During the first half of the year this development process first led to Kutichiy and then to Teyacanani, two trading tactics which where developed based on an extensive analysis and understanding of the EUR/USD which – in the case of Teyacanani – was extrapolated to other currency pairs with good success. Perhaps one of the most important lesson I drew from the development of these systems was that it is absolutely vital to know your system in a trade-by-trade basis and to understand the possible effect that some modification may have on its long term statistical characteristics. For example through 2010 many people suggested the use of “trailing stops” or similar tactics for these strategies without realizing that the long term statistical characteristics are damaged by attempting to “minimize giving back” in this way. Through my understanding of the trading of these strategies I was able to discard many options without having to actually implement them something which left me with a very deep knowledge about the strategies and the necessary ability to improve them further in the future if this becomes necessary.
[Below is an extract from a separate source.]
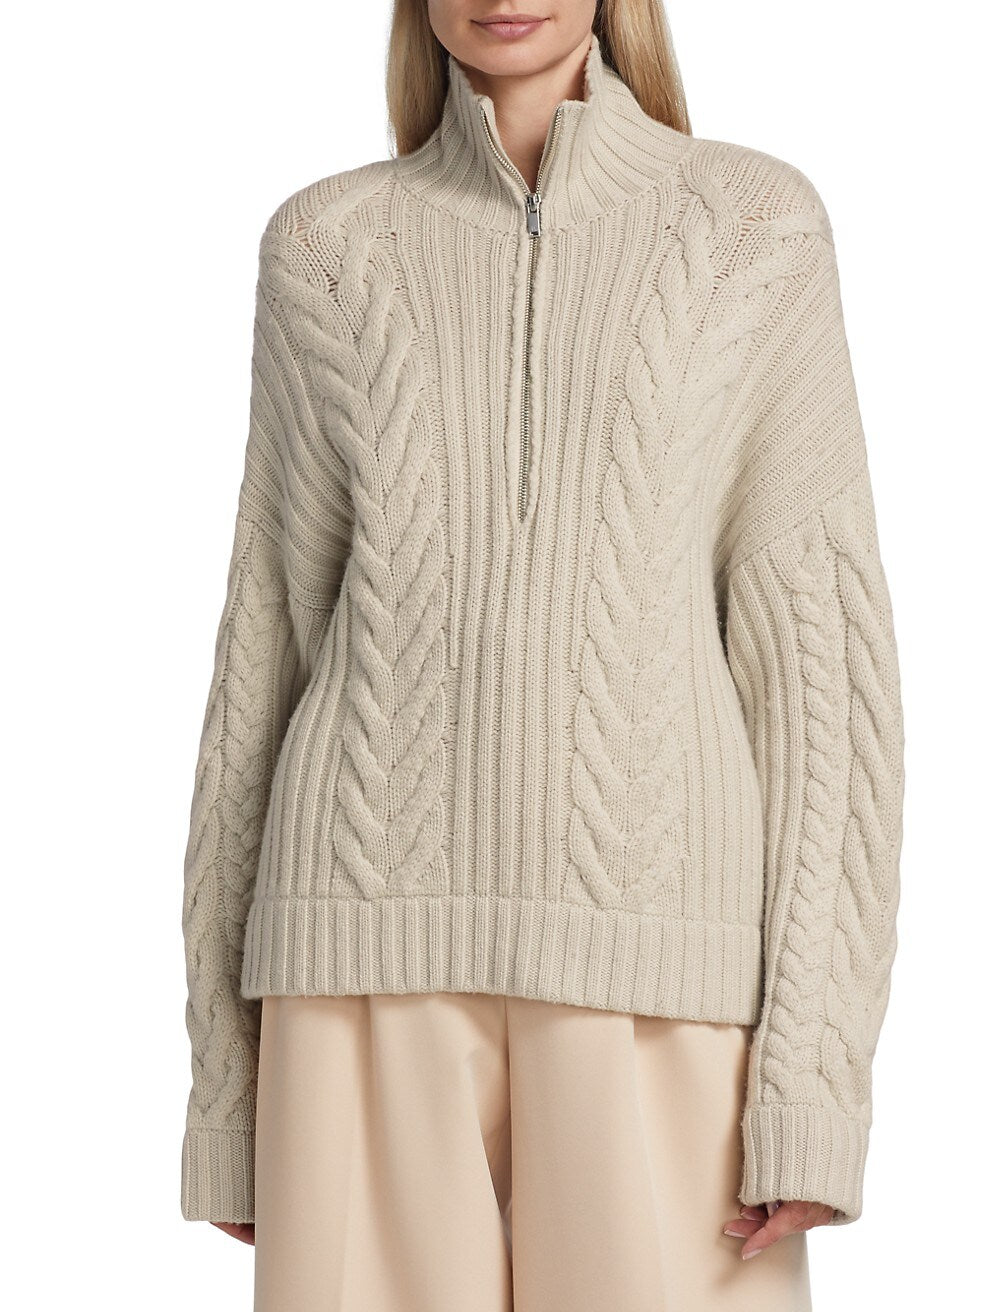 WOOL CASHMERE OPEN BACK CABLE QUARTER ZIP
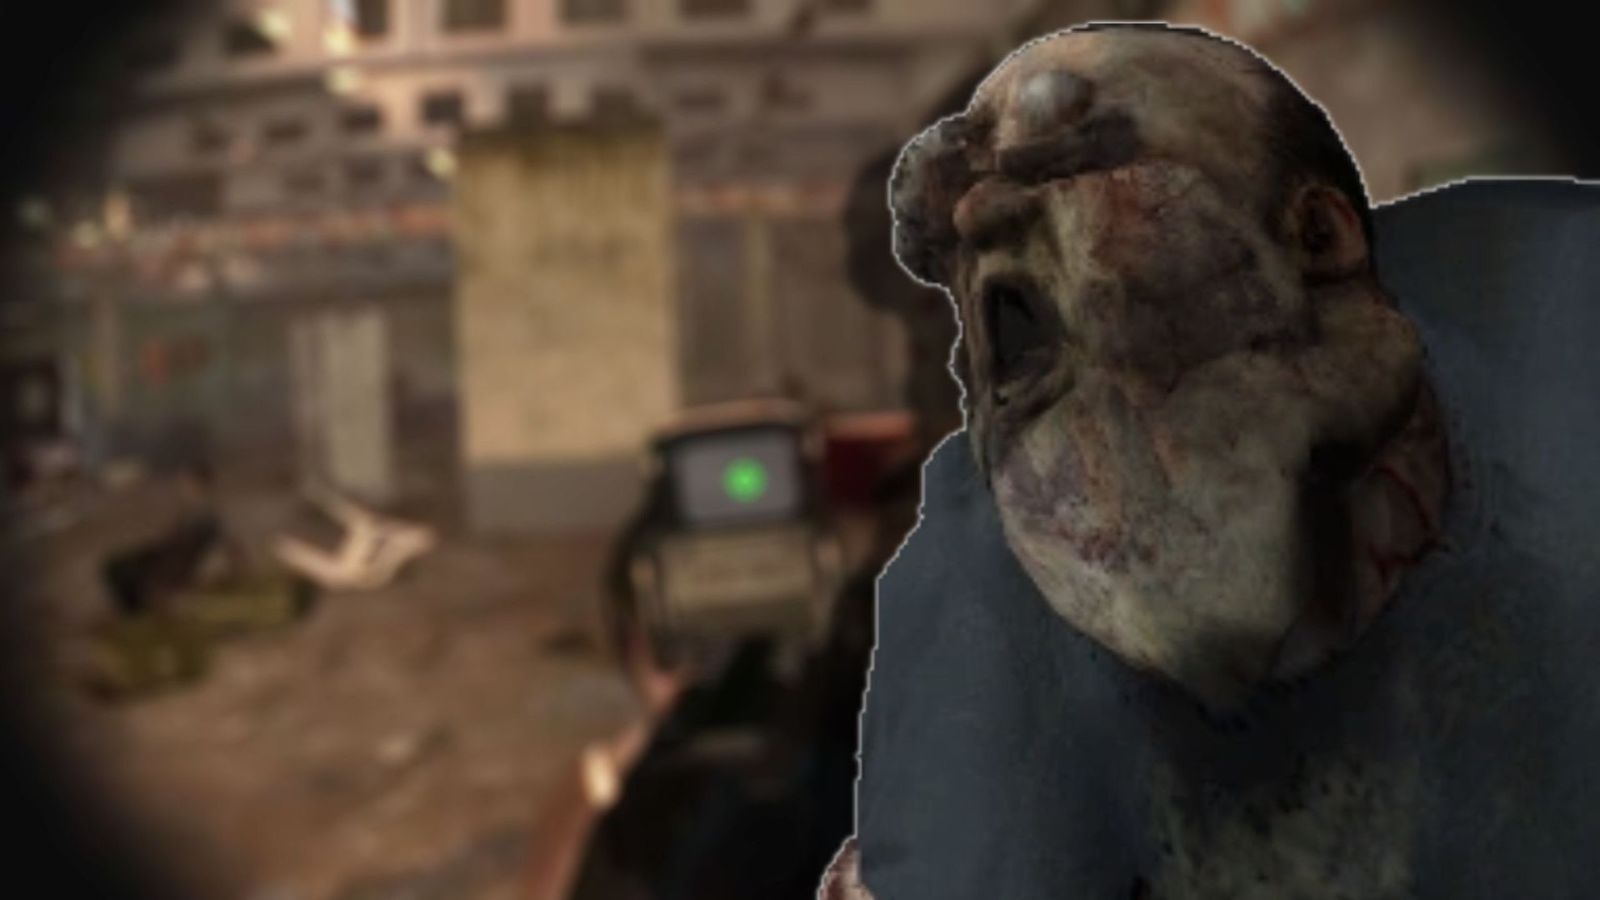 left 4 dead 2 vr mod is the most immersive zombie fps in years

After these two systems Asirikuy grew even bigger with the implementation of Ayotl, then Quimichi, Sapaq and Atinalla FE. Perhaps my biggest achievement with this second “system set” was my improvement as a programmer in general. I have to recognize that the first versions of Asirikuy systems (the ones released in 2009 and early 2010) where quite primitive in their coding nature without too much attention to technical detail and a general lack of adequate error handling practices. After the development of Teyacanani I realized that it was very important to have a professional coding framework in which to develop our systems, something that prompted me to recode all the systems into a single framework which was developed with the invaluable collaboration of a great programmer at Asirikuy.

Definitely this year taught me that having adequate programming is not only extremely beneficial from a functional perspective but it also allows communication between users about the systems to be much easier and debugging and updating becomes almost trivial. If you are developing trading systems then developing a professional framework in which to “house” your ideas is going to be an important part of your job towards trading success.

Another great achievement which happened during the last 6 months of the year relates to my understanding of other currency pairs. I have to confess that beginning this year my knowledge was practically EUR/USD centered with a very little understanding of how other pairs function. After developing Atipaq – which tackles many different types of breakout inefficiencies – it became clear to me that pairs are different but nonetheless “bundled” in what appear to be trading symbol groups with different general characteristics. The later development of Quimichi and Sapaq further explored this idea, coming up with 11 year backtest successful systems which tackle “group” inefficiencies exploiting what certain groups of instruments have in common.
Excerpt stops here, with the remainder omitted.